Repair and body shops are inherently dangerous. From an ergonomics standpoint, the greatest dangers are reaching, bending, and lifting – especially if they are done repeatedly or for prolonged periods. Awkward moves that involve over-extension and over-exertion cause musculoskeletal injuries – the leading culprit when it comes to workers’ comp claims.
Techs can injure their knees, wrists, and shoulders, but back injuries are the worst, in every way. Treatment can be elusive, resulting in lingering pain and incapacitation for your injured tech and particularly high costs for your dealership.
It makes a lot more sense to do everything you can to make your shop as ergonomically friendly as possible.
What can you do to make your dealership’s shop areas more ergonomic? Lots of things, and they don’t have to cost you the proverbial arm and leg.
- Look around at how your shop is laid out. Think about the physical movements your techs make as they go about their business. What are the ergonomic risks here? How can you fix that?
- Go straight to the source. You can theorize all you want about ergonomics, and research many great improvement ideas other businesses have instituted. However, your own shop crew knows first-hand about how thing work at your Get them together – or form a special team – to consider how you can work more ergonomically. An added benefit here is that they are more likely to follow new policies or protocols if they have had a hand in creating them.

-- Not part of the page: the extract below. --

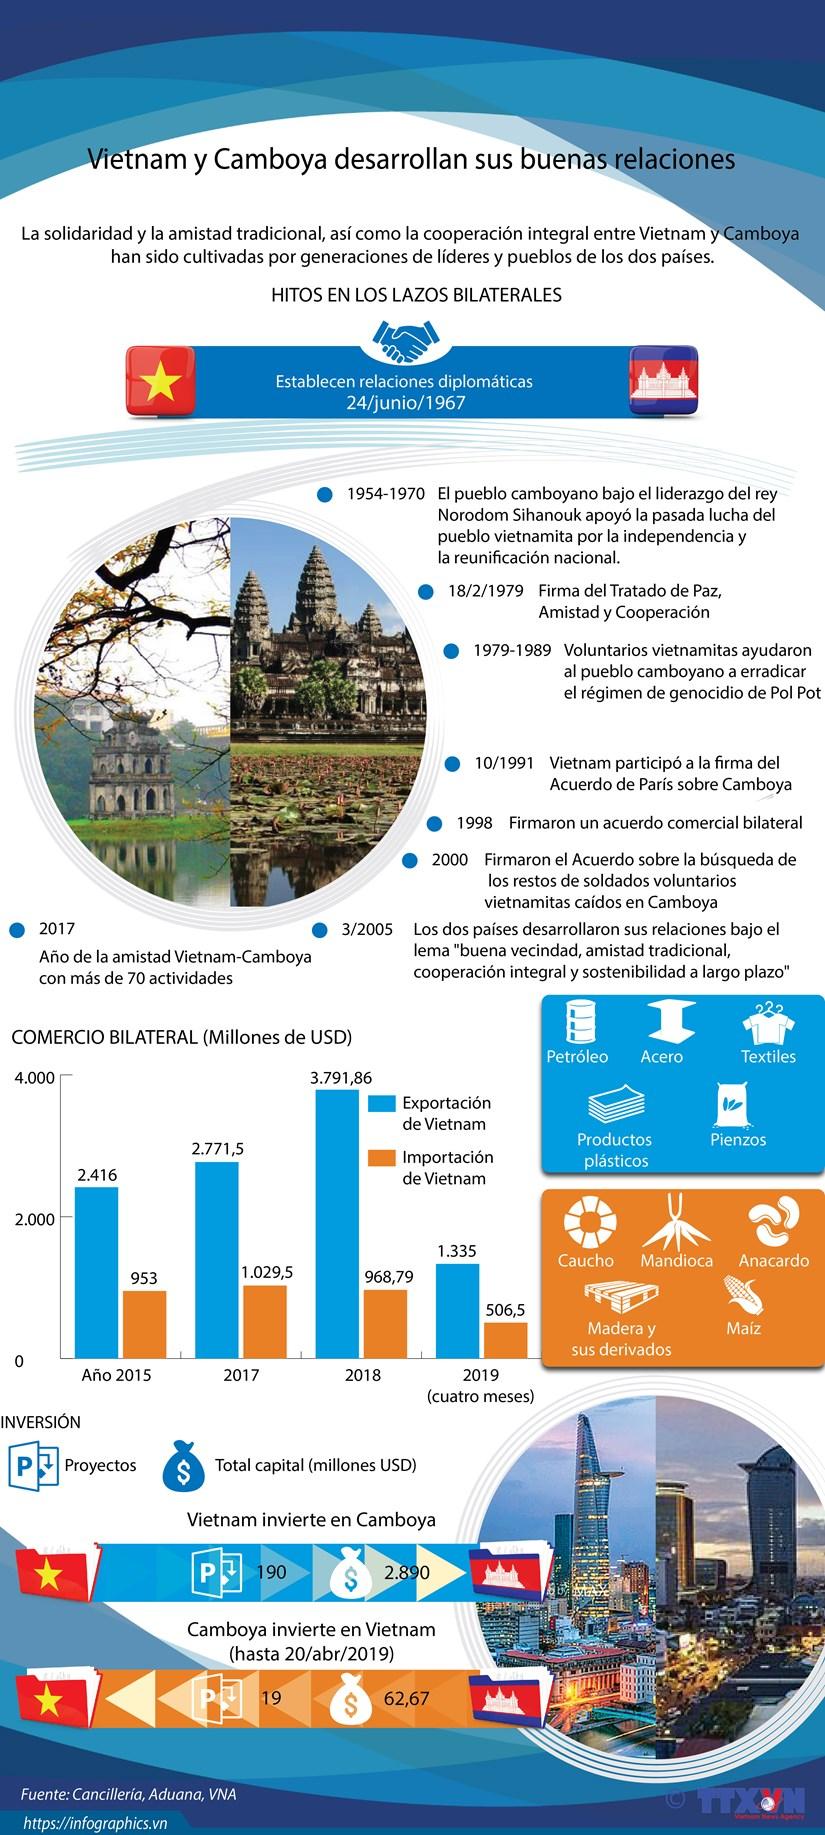 [Info] Vietnam y Camboya desarrollan sus buenas relaciones hinh anh 1

- Find ways to keep heavy objects off the floor. The ergonomically safest lifting zone is between the knees and shoulders. Storing heavy items within that range makes them easier to lift and move. Better yet, roll-around carts or conveyor systems enable techs to easily transport everything room tools to parts without having to lift or carry them at all.
Along that same line, waist-high benches enable techs to work on items in the least-stressful position. And raised platforms enable them to work on big machines without awkward, tiring reaching. Insist that techs use jacks or similar lifting aids to lift and hold heavy machine parts.
- Real men (and smart women) ask for help. Employees who pretend they don’t need assistance, or worry that they will be interrupting a co-worker intent on their own work, are the same people who get injured and cause accidents to others.
- Safety training is a regular occurrence at your dealership, so be sure to include ergonomics education as part of that program.
- And, yes, maybe you’ll even want to give them a better-designed chair or a stool that includes a backrest.
The more you and your shop crews know about ergonomics, the easier it will be to make continuous improvements to your shop areas. You don’t have to do everything at once (and that may not fit your budget anyway). Focus on top priorities first, and tackle the other issues as you can. As you do, your dealership’s service and body shops will become increasingly productive and more profitable as well as safer.